Sehen und gesehen werden: Laschet in Swisttal Bild: Imago

Der Ministerpräsident von Nordrhein-Westfalen besucht Orte, die hart von der Flut getroffen wurden. Da entlädt sich der Ärger von Betroffenen.

          4 Min.

          Im Schatten von St. Petrus und Paulus in Odendorf sind unzählige Helfer auch zweieinhalb Wochen nach der Katastrophe noch damit beschäftigt, wenigstens ein bisschen Alltag zu organisieren. Im Pfarrheim können sich Flutopfer mit dem Nötigsten eindecken – Kleiderspenden, Spielzeug, Toilettenpapier, Wasch- und Spülmittel stapeln sich. Gegenüber auf dem Zehnthof gibt es eine Feldküche.

          Reiner Burger
          Politischer Korrespondent in Nordrhein-Westfalen.

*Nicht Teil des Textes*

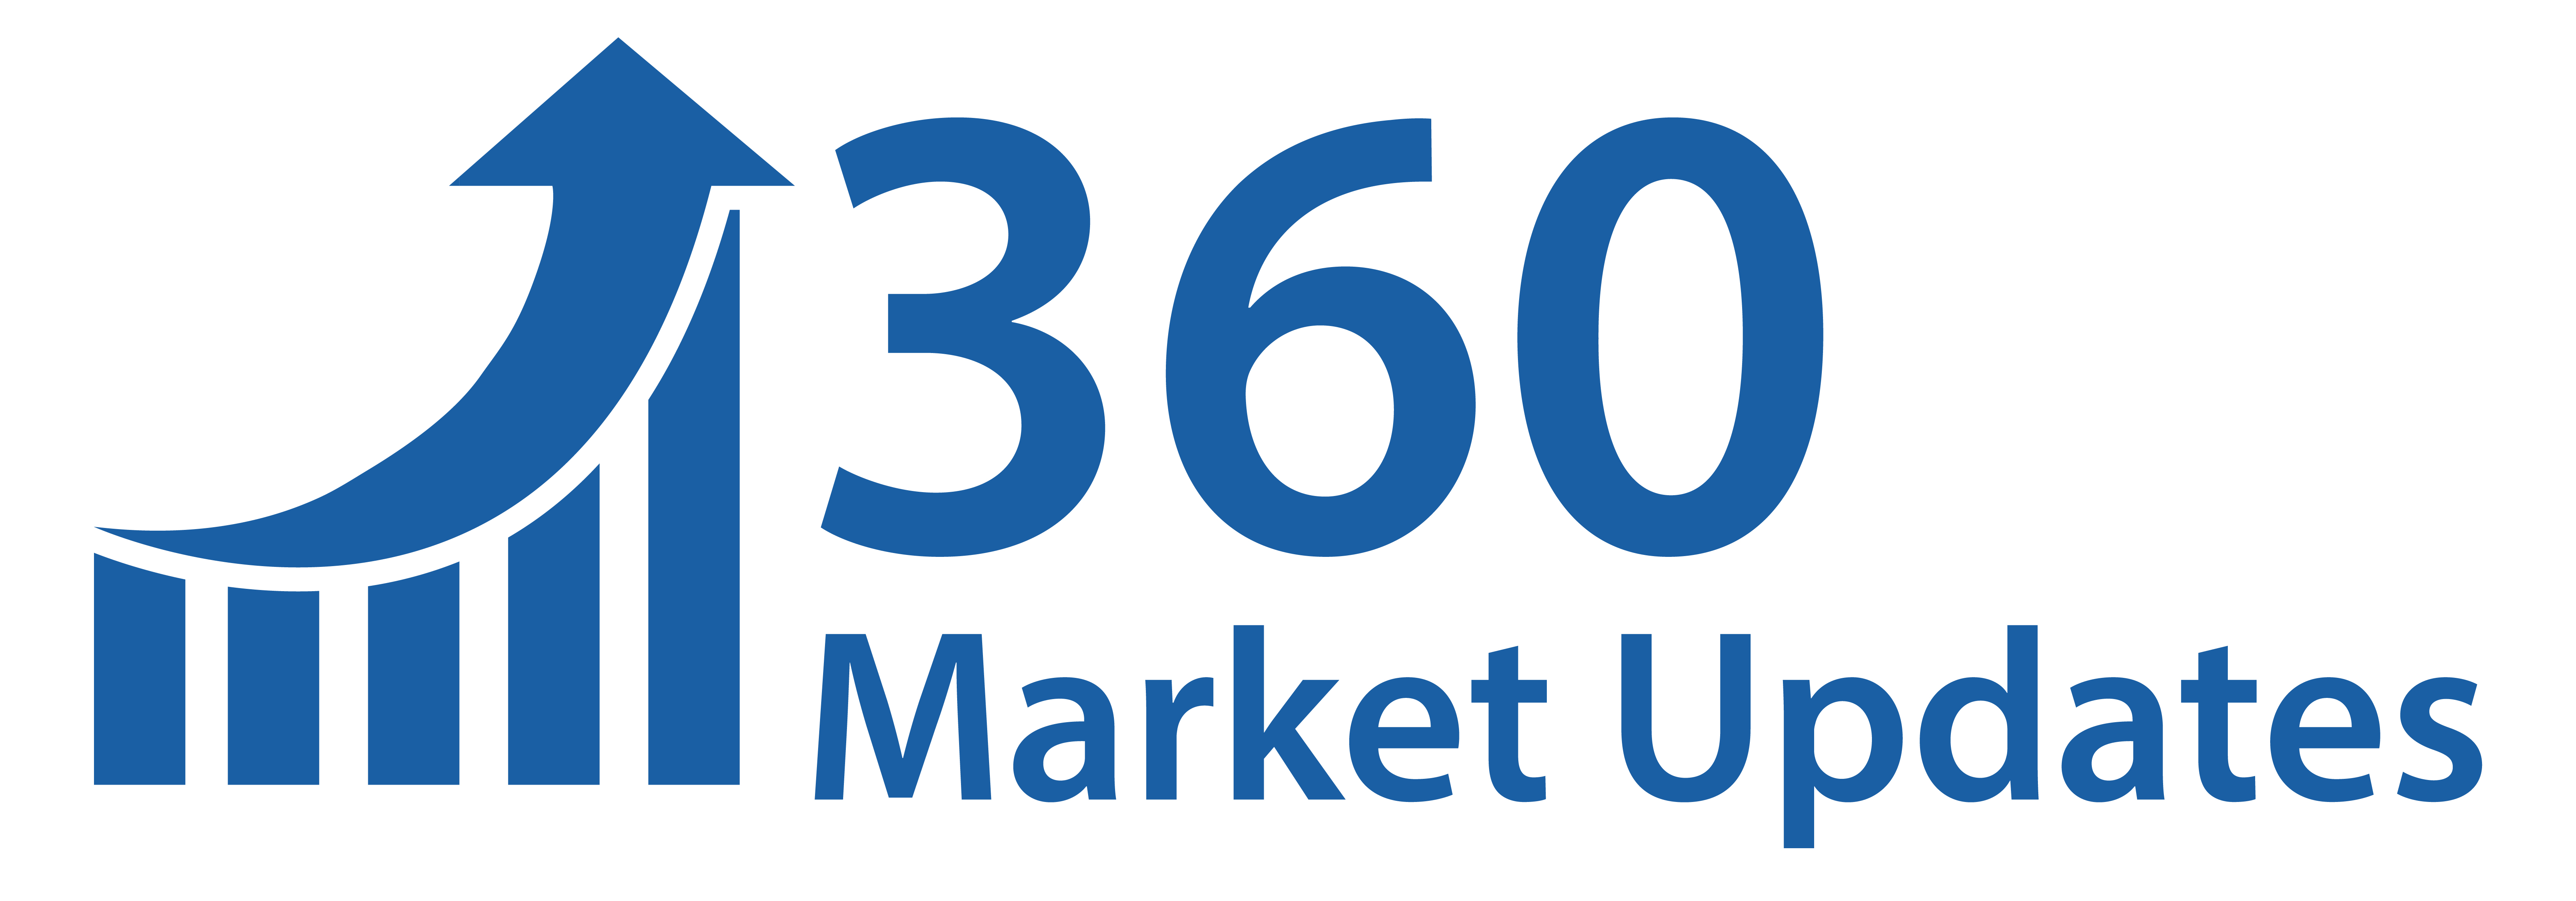 Atherosklerose Therapeutics Market Key Players In Global Region Mit Marktanteil in Pharma, Biotechnologie & Life Sciences,PharmaSektor Projektion bis 2023
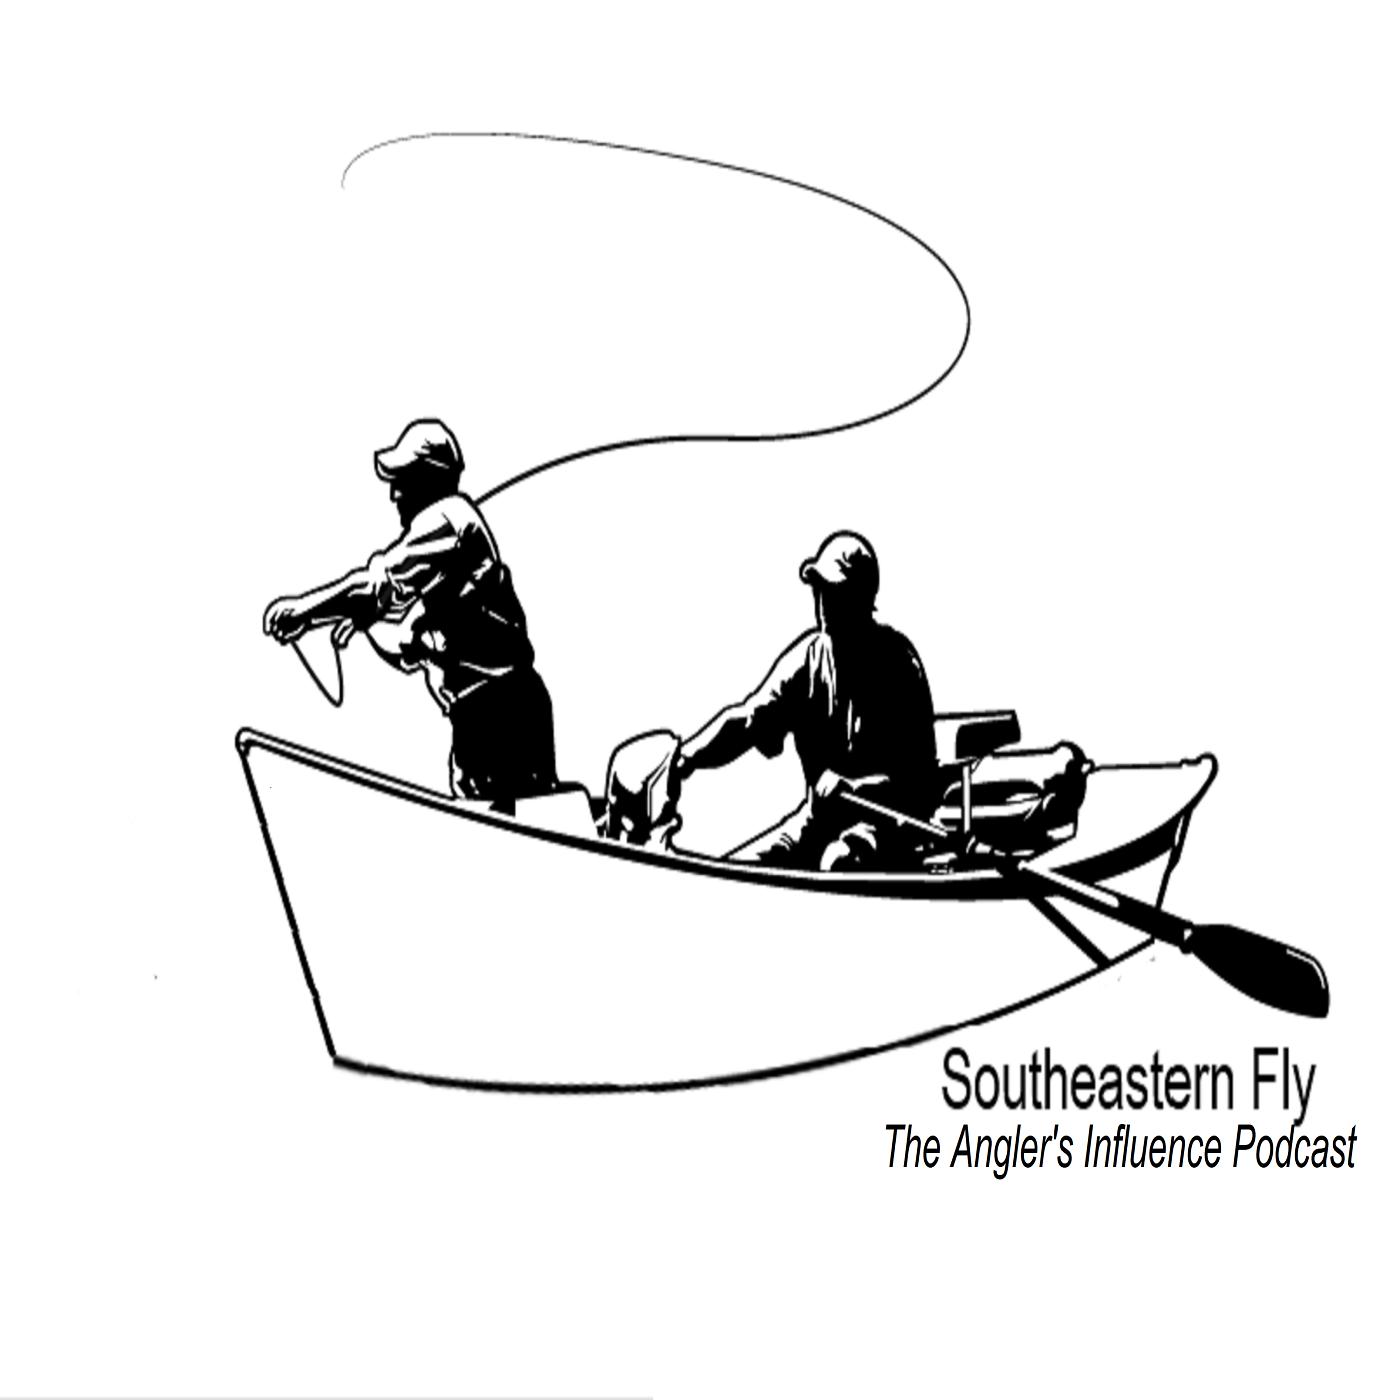 Southeastern Fly

          „Viele Leute können sich bis heute keine warme Mahlzeit zubereiten, weil sie buchstäblich alles verloren haben“, sagt Kai Imsande, der in Odendorf die freiwilligen Helfer koordiniert. „Ohne diese Selbstorganisation, ohne die vielen Ehrenamtlichen würden wir es nicht schaffen“, lobt Bürgermeisterin Petra Kalkbrenner. Freilich gibt es in Swisttal auch viel Kritik am Krisenmanagement der Bürgermeisterin und ihrer Verwaltung. Hört man sich bei Betroffenen um, dann heißt es, vor der Flut sei nicht ausreichend oder gar nicht gewarnt worden, und Hilfsgelder kämen nicht an.